The dissection may track back to the root of the aorta and rupture into the pericardium, causing cardiac tamponade. Also, a dissection involving the root of the aorta may cause stretching of the aortic valve, leading to the onset of acute aortic regurgitation.

The dissection may rupture externally into the thoracic or abdominal cavity, causing exsanguination. Similar principles can be followed to predict the complications of type B dissections.

Question 61

What are the complications of type A dissections?

Answer 61

• Occlusion of carotid artery leading to stroke.
• Exsanguination
• Stretching of the aortic valve leading to aortic regurgitation
• Rupture into the pericardium leading to cardiac tamponade
• Occlusion of the coronary artery leading to myocardial infarction.

Question 62

What are the complications of type B dissections?

Answer 62

• Renal artery occlusion leading to renal failure
• Extension into iliac arteries leading to lower limb ischaemia
• Coeliac or mesenteric artery occlusion leading to gut ischaemia

Question 63

What is stenosis of a heart valve?

Answer 63

• Stenosis:

• Failure of a valve to open completely –> impede forward flow. [There is also usually failure of full valve closure]
• Stenosis is virtually caused by a chronic process. The gradual development of stenosis allows time for compensatory changes in heart, blood vessels and other organs.

Question 64

What is regurgitation of a heart valve?

Answer 64

• Regurgitation (incompetence)
○ Failure of a valve to close completely –> reverse flow occurs
○ Regurgitation may be caused by an acute or chronic process.

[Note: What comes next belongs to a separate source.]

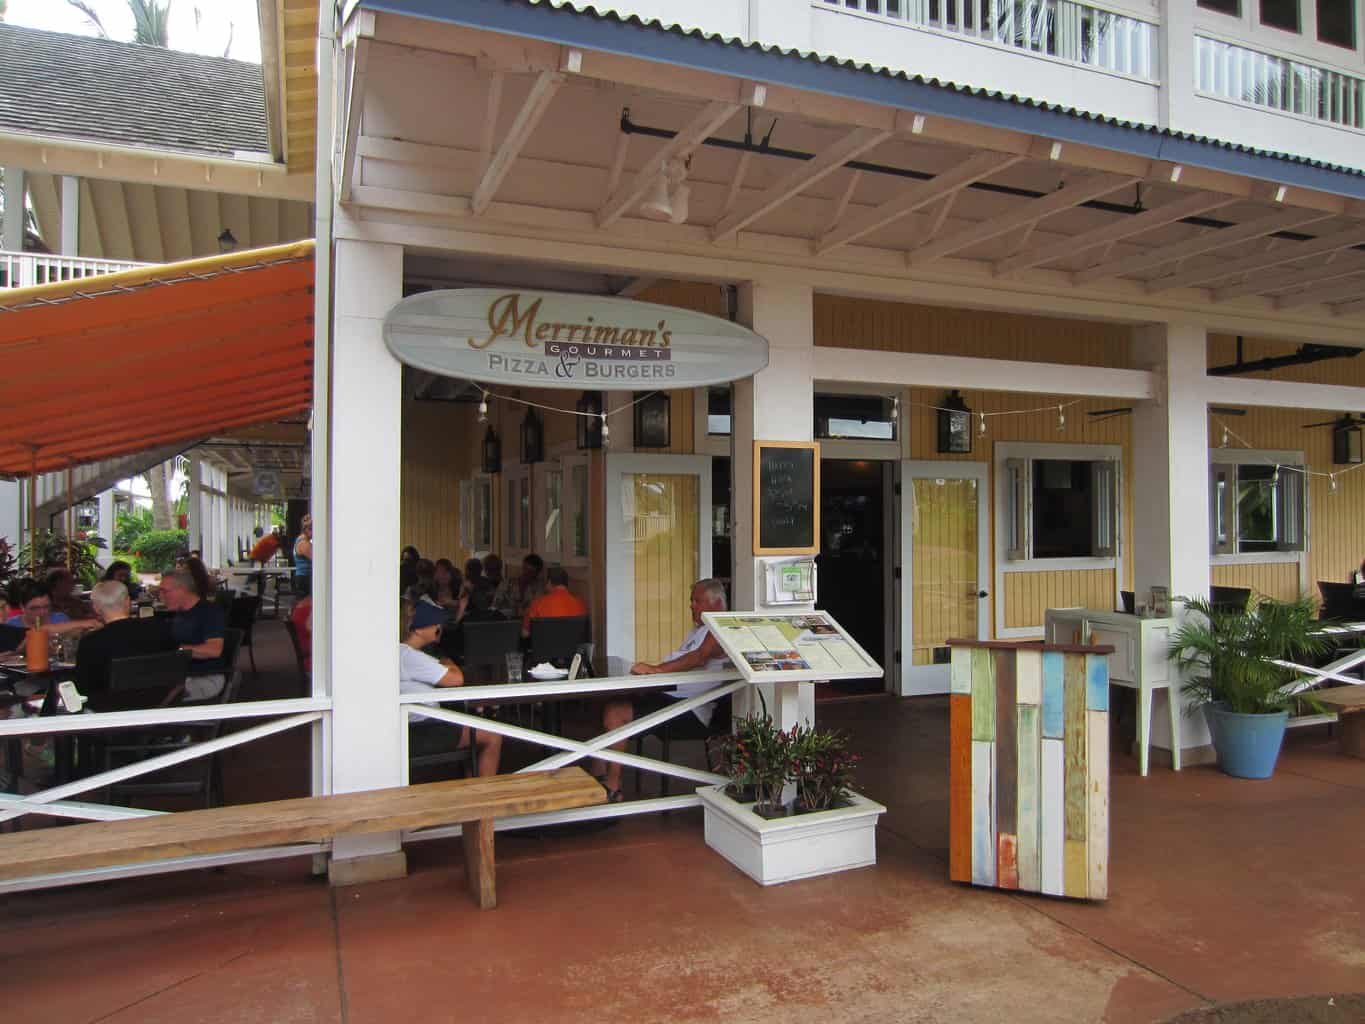 Merriman’s Gourmet Pizza & Burgers Kauai

NB: There may be mixed stenosis and regurgitation.

Question 65

What is the most common valve disease?

Answer 65

Aortic stenosis

Question 66

What is the prevalence of aortic stenosis?

Answer 66

Aortic stenosis is the most common valve disease in developed countries. The prevalence of clinically significant aortic stenosis in patients over 70 years old in Europe is about 1-3%.

Question 67

What are the common causes of aortic stenosis?

Answer 67

Common causes:
• Age-related calcification of a normal valve.
○ The normal aortic valve has three leaflets
○ Cumulative “wear and tear” due to valve movement over many years leads to endothelial and fibrous damage, causing gradual calcification and stenosis of an otherwise normal valve.
• Cusp calcification of a bicuspid valve
○ Bicuspid valve is a congenital abnormality in which the valve is made up of two leaflets. It occurs in about 1-2% of the population and has a strong association with aortic coarctation.
○ It is thought that years of turbulent flow across the abnormal valve disrupt the endothelium and collagen matrix of the leaflets, resulting in gradual calcium deposition. The calcification develops by approximately 30yrs, with progressive stenosis.
Post rheumatic valve disease (rare in the UK)

Question 68

What is the pathophysiology of aortic stenosis?

Answer 68

As stenosis progresses, blood flow through the aortic valve becomes more and more impeded during systole. i.e. there is development of the left ventricle (LV) outflow obstruction. In order to maintain cardiac output, the LV must produce more force to drive blood through the aortic valve and into the aorta. Since aortic stenosis develops over a chronic course, the LV is able to do this by undergoing compensatory hypertrophy.
i.e. gradual development of LV outflow obstruction causes gradual pressure overload of LV and results in compensatory LV hypertrophy.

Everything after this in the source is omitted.